NASA: Harder, colder picture of Mars emerges

Turns out that the surface of Mars is stiffer and colder than previously thought.

New observations from NASA's Mars Reconnaissance Orbiter indicate that any liquid water that might exist below the planet's surface and any possible organisms living in that water would be located deeper than scientists had suspected.NASA made the discovery was using the Shallow Radar (SHARAD) instrument on the Orbiter, which revealed long, continuous layers stretching up to 600 miles or about one-fifth the length of the United States.

The radar pictures show a smooth, flat border between the ice cap and the rocky Martian crust, NASA said. On Earth, the weight of a similar stack of ice would cause the planet's surface to sag. The fact that the Martian surface is not bending means that its strong outer shell, or lithosphere, a combination of its crust and upper mantle, must be very thick and cold.

"The lithosphere of a planet is the rigid part. On Earth, the lithosphere is the part that breaks during an earthquake," said Suzanne Smrekar, deputy project scientist for Mars Reconnaissance Orbiter at JPL in a release.

Temperatures in the outer portion of a rocky planet like Mars increase with depth toward the interior. The thicker the lithosphere, the more gradually the temperatures increase. The discovery of a thicker Martian lithosphere therefore implies that any liquid water lurking in aquifers below the surface would have to be deeper than previously calculated, where temperatures are warmer. Scientists speculate that any life on Mars associated with deep aquifers also would have to be buried deeper in the interior.

The radar pictures also reveal four zones of finely spaced layers of ice and dust separated by thick layers of nearly pure ice. Scientists think this pattern of thick ice-free layers represents cycles of climate change on Mars on a time scale of roughly one million years, NASA said. The observations support the idea that the north polar ice cap is geologically active and relatively young, at about 4 million years.

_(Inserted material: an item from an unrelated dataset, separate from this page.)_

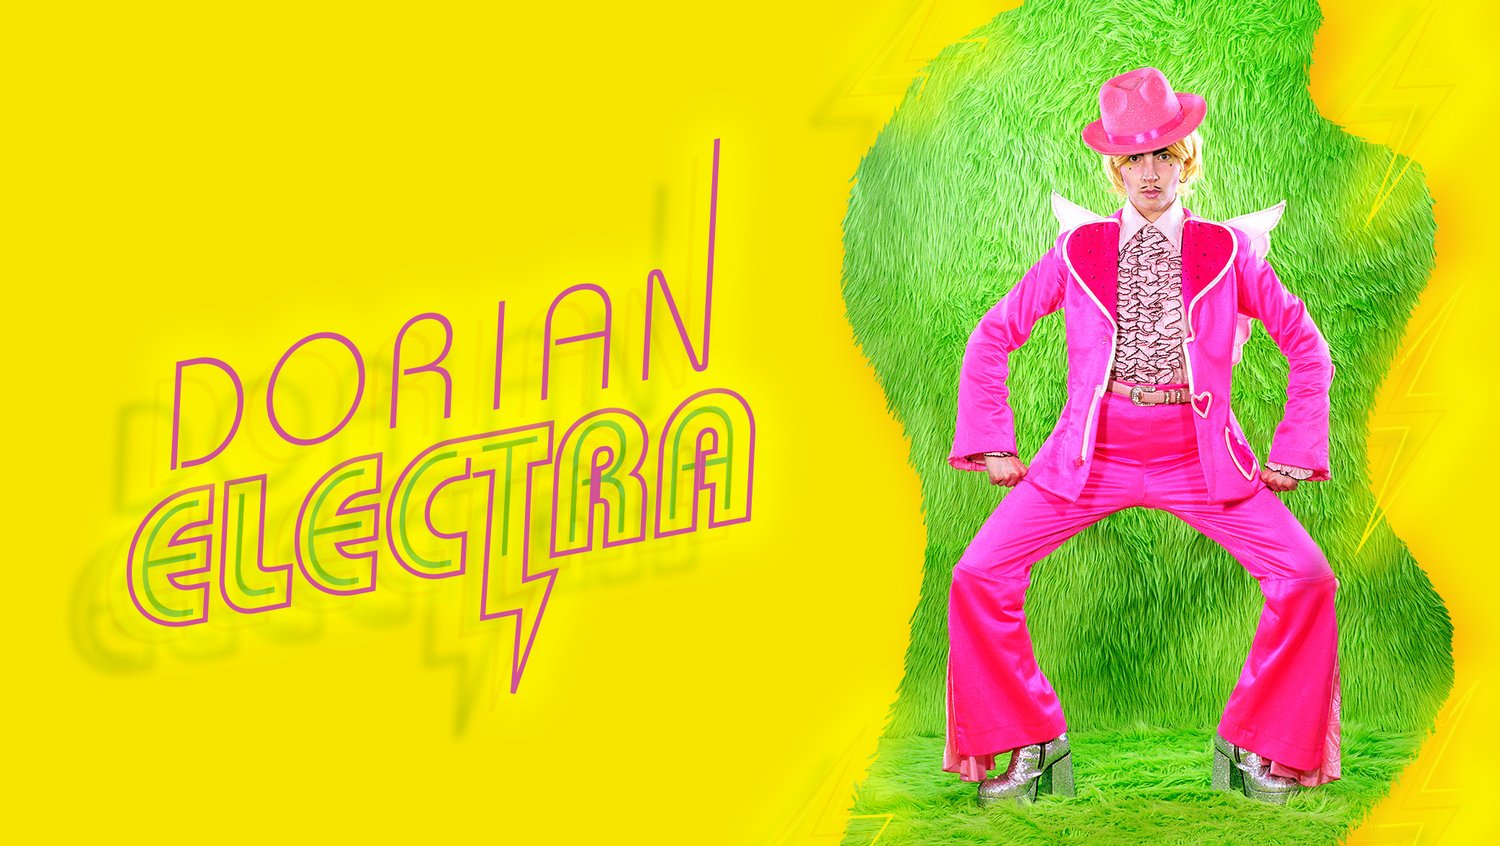 Artist Feature: Dorian Electra

More news from Mars is expected this month as NASA's Phoenix Mars Lander is scheduled to touch down on May 25 not far from the north polar ice cap. It will further investigate the history of water on Mars, and is expected to get the first up close look at ice on the Red Planet.

NASA said Phoenix will enter the top of the Martian atmosphere at almost 13,000 mph. In seven minutes, the spacecraft must complete a challenging sequence of events to slow to about 5 mph before its three legs reach the ground. Confirmation of the landing could come as early as 7:53 p.m. EDT.

"This is not a trip to grandma's house. Putting a spacecraft safely on Mars is hard and risky," said Ed Weiler, associate administrator for NASA's Science Mission Directorate at NASA Headquarters in Washington. "Internationally, fewer than half the attempts have succeeded."